##### Stored data
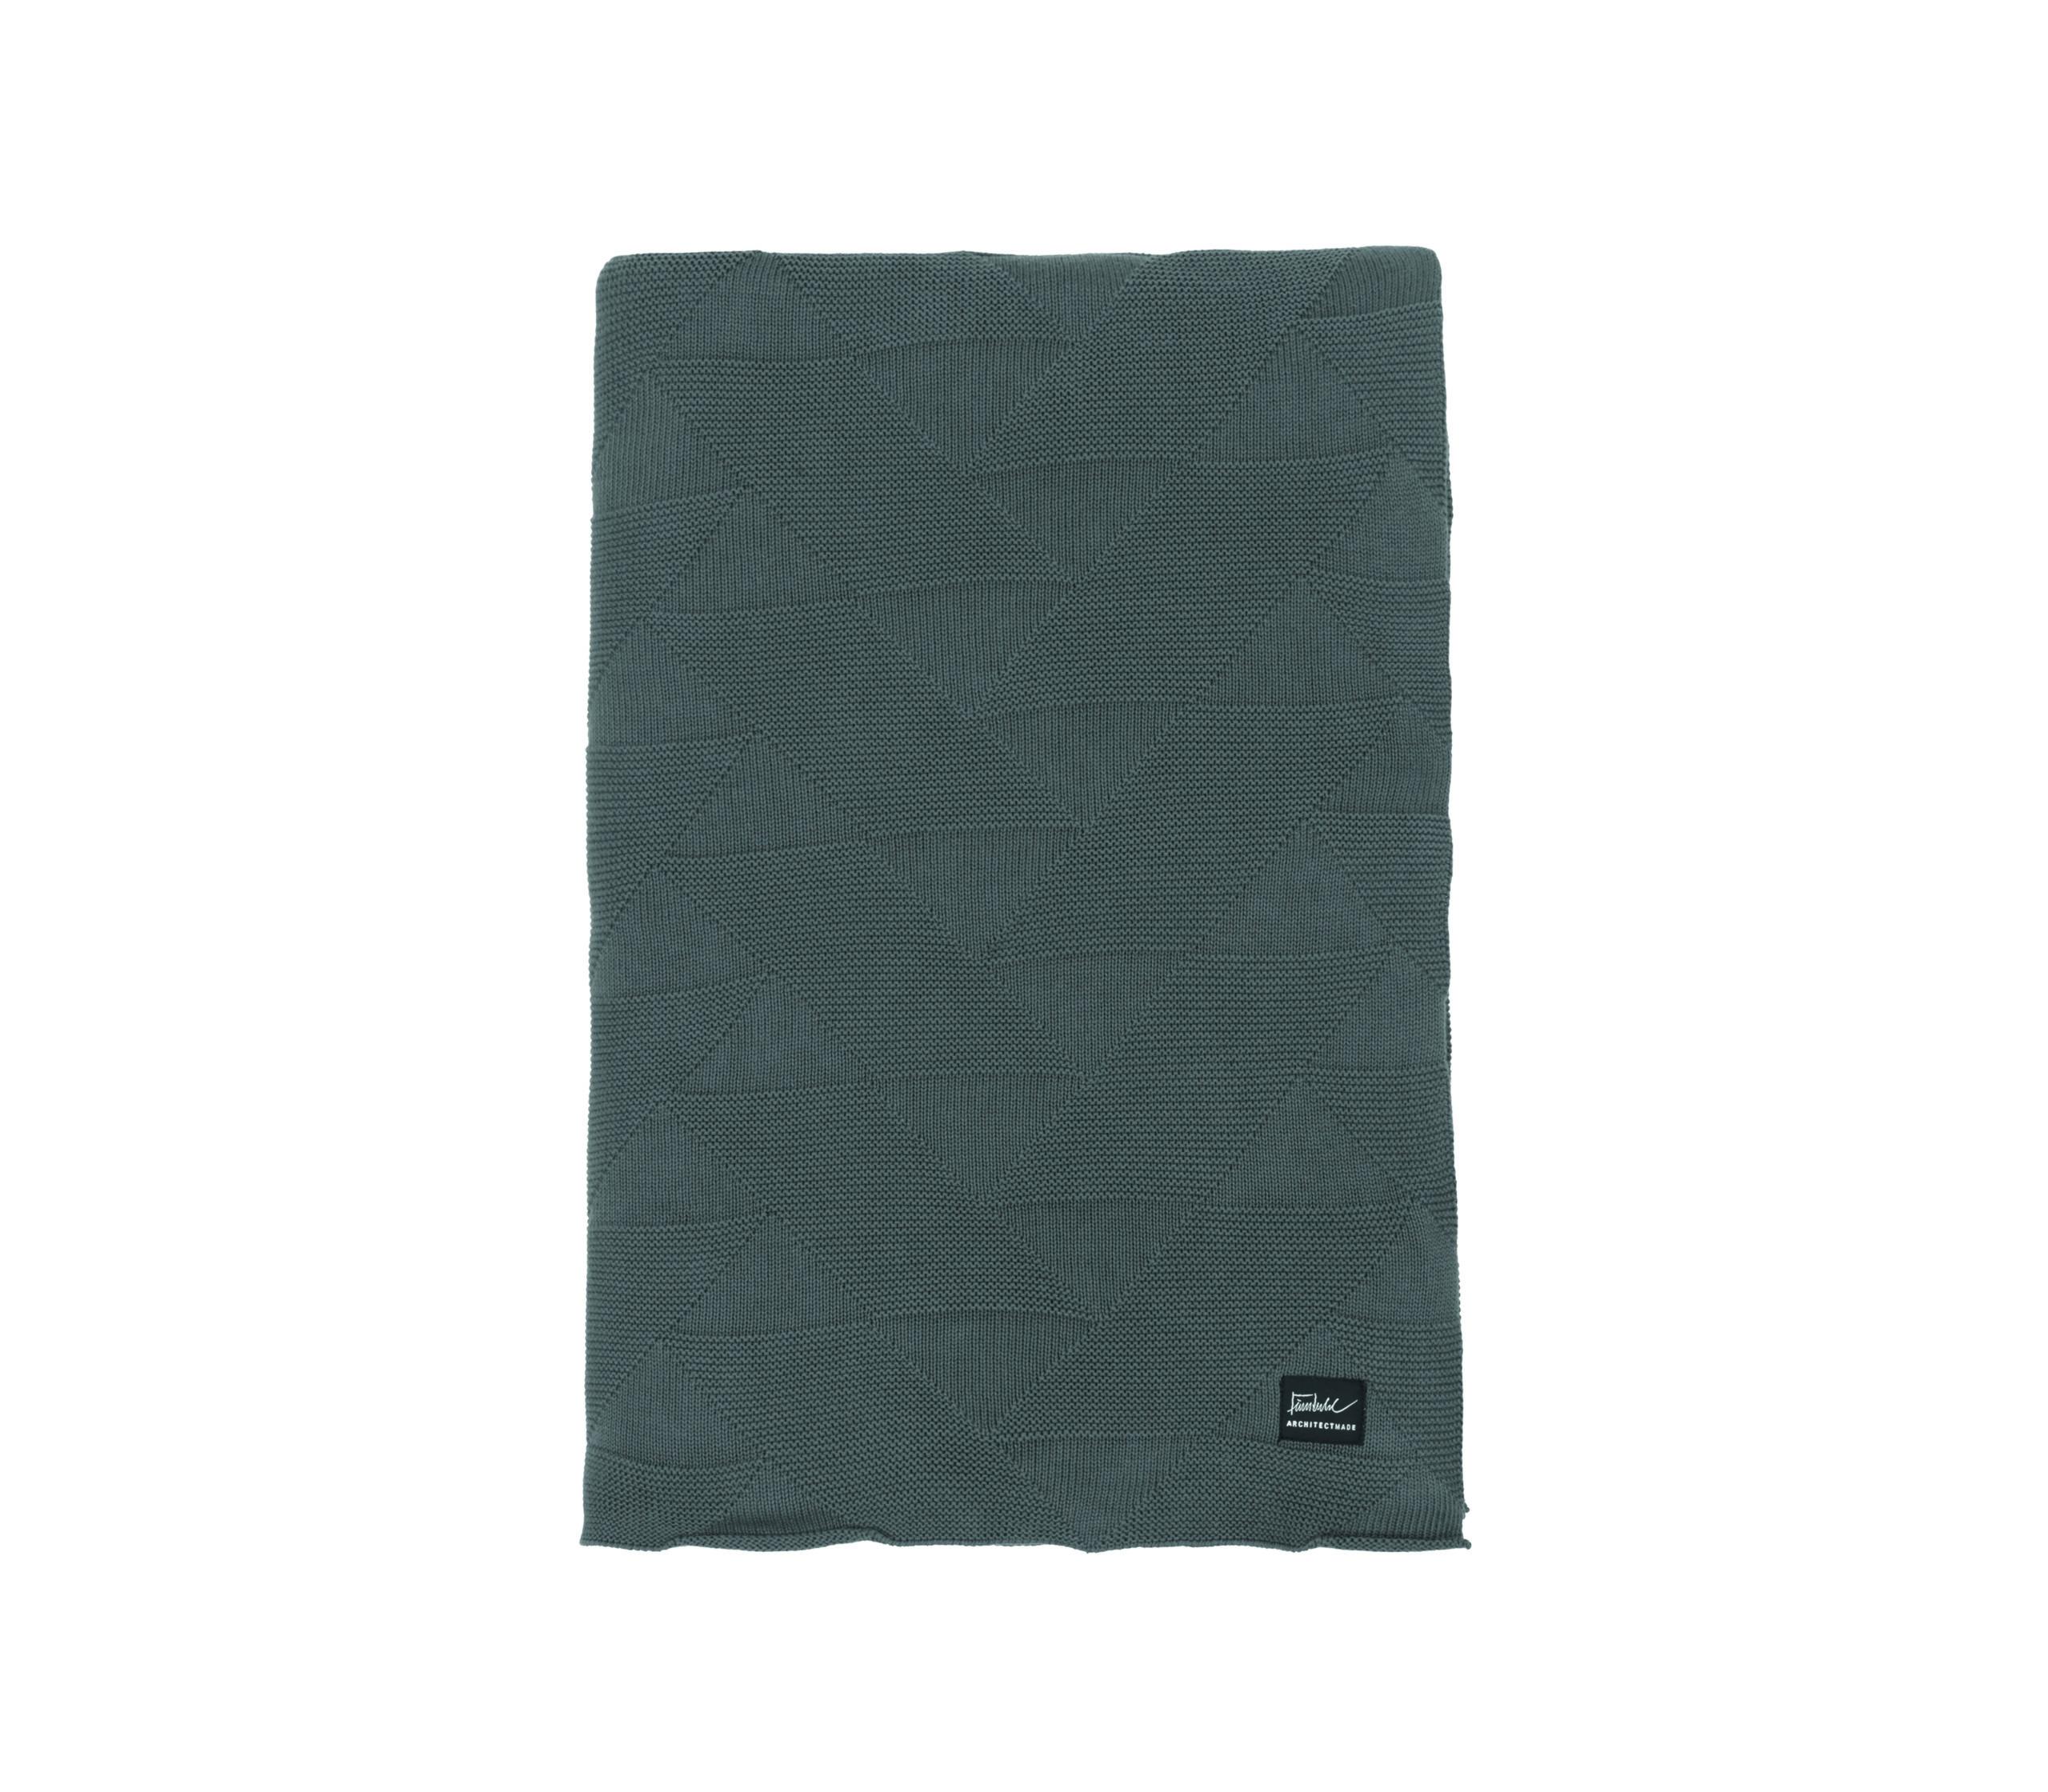 Architectmade-FJ-Pattern-Blanket-Grey-Organic-Cotton-Finn-Juhl
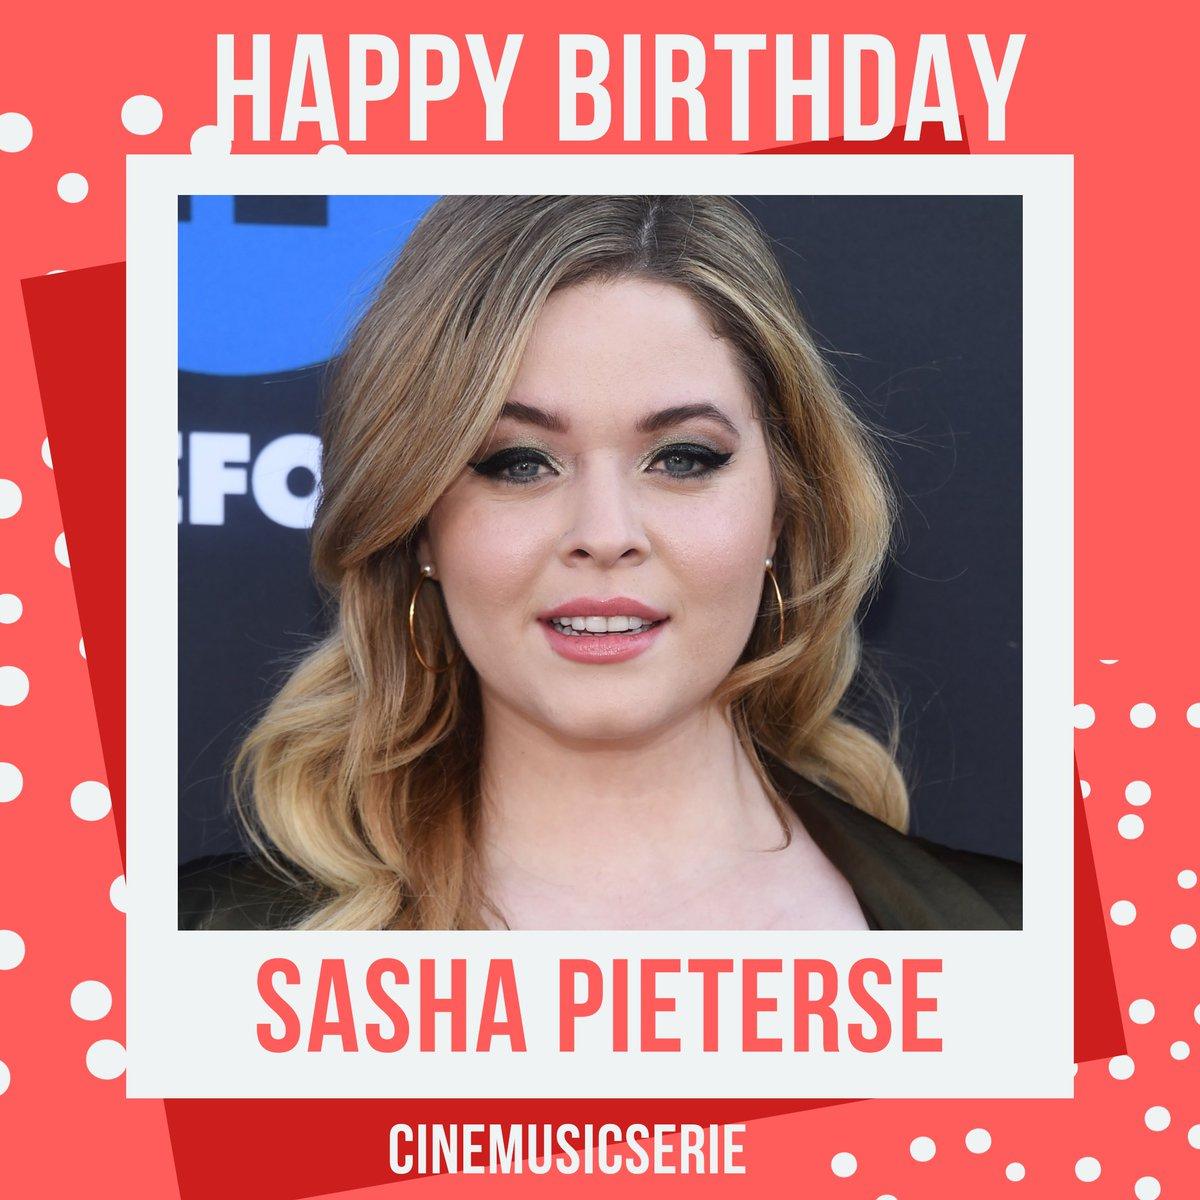 #HappyBirthday @SashaPieterse completa 24 anos hoje .
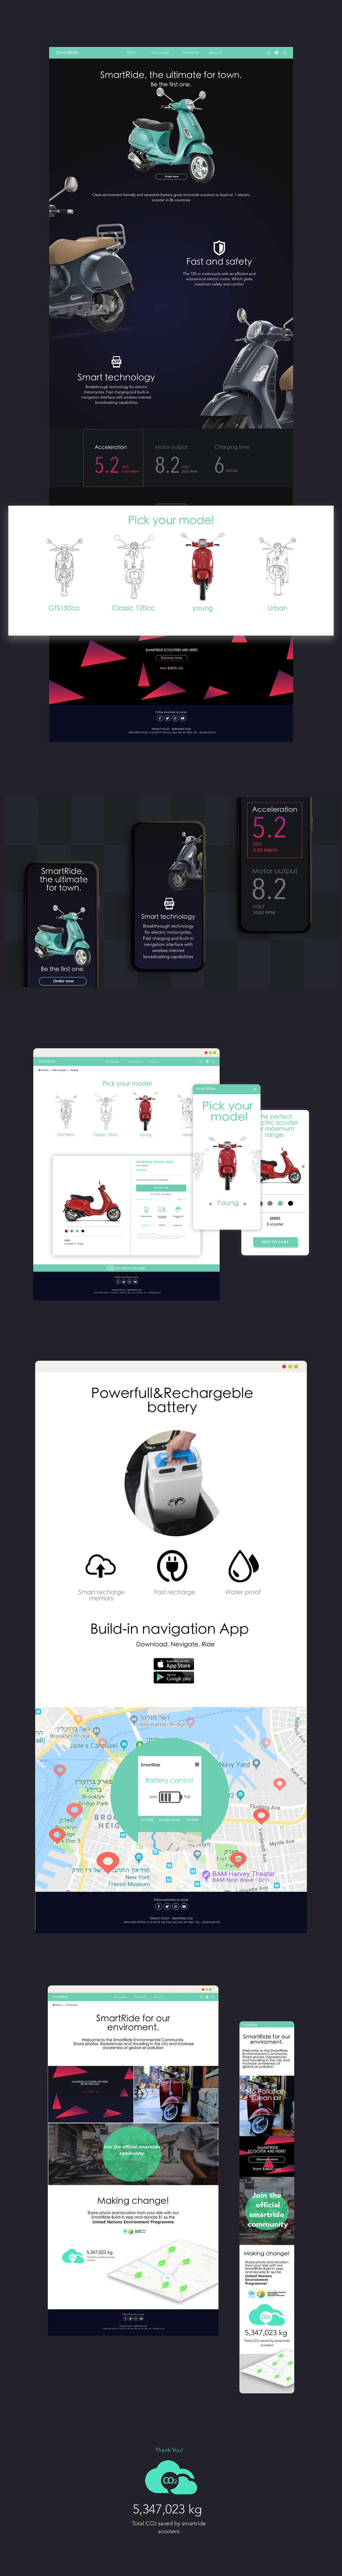 smart ride wix (1).jpg
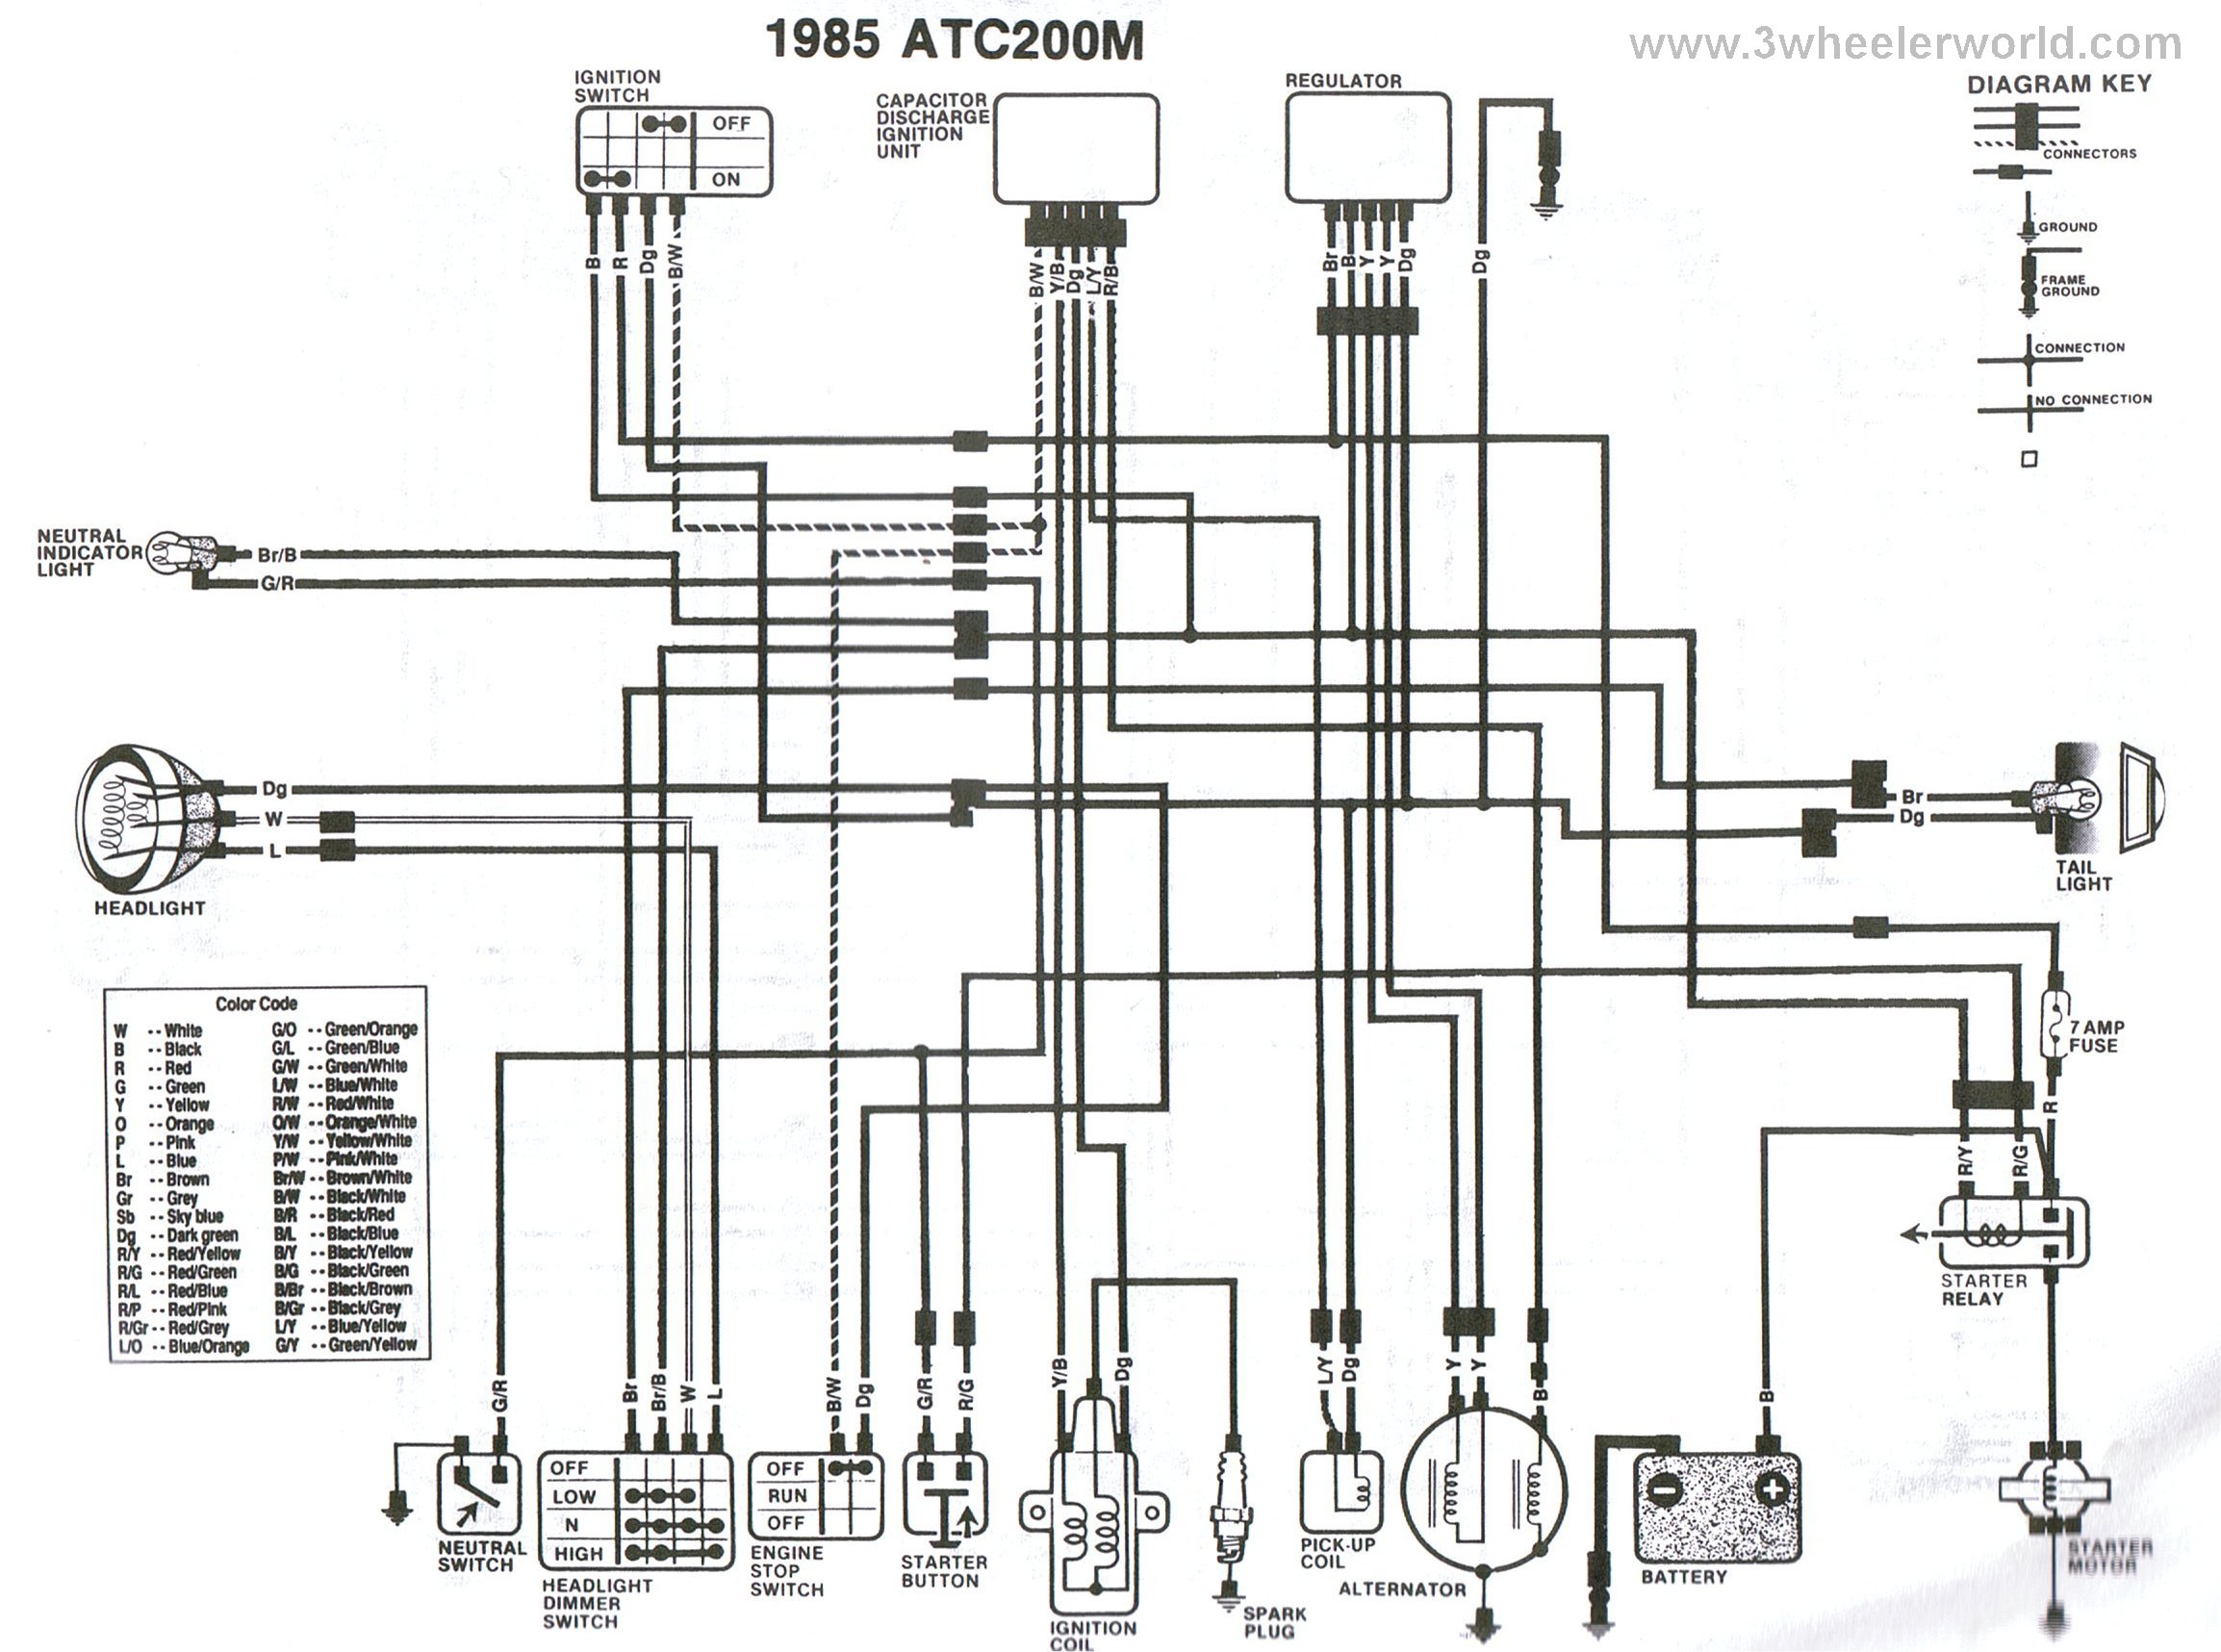 4 wire ignition switch wiring diagram honda honda
##########
## What the exercise asks
Only the lines from the line with "smart ride wix (1).jpg" to the bottom of the material above should be reproduced, exactly and without pictures.

## Written solution
 smart ride wix (1).jpg
 4 wire ignition switch wiring diagram honda honda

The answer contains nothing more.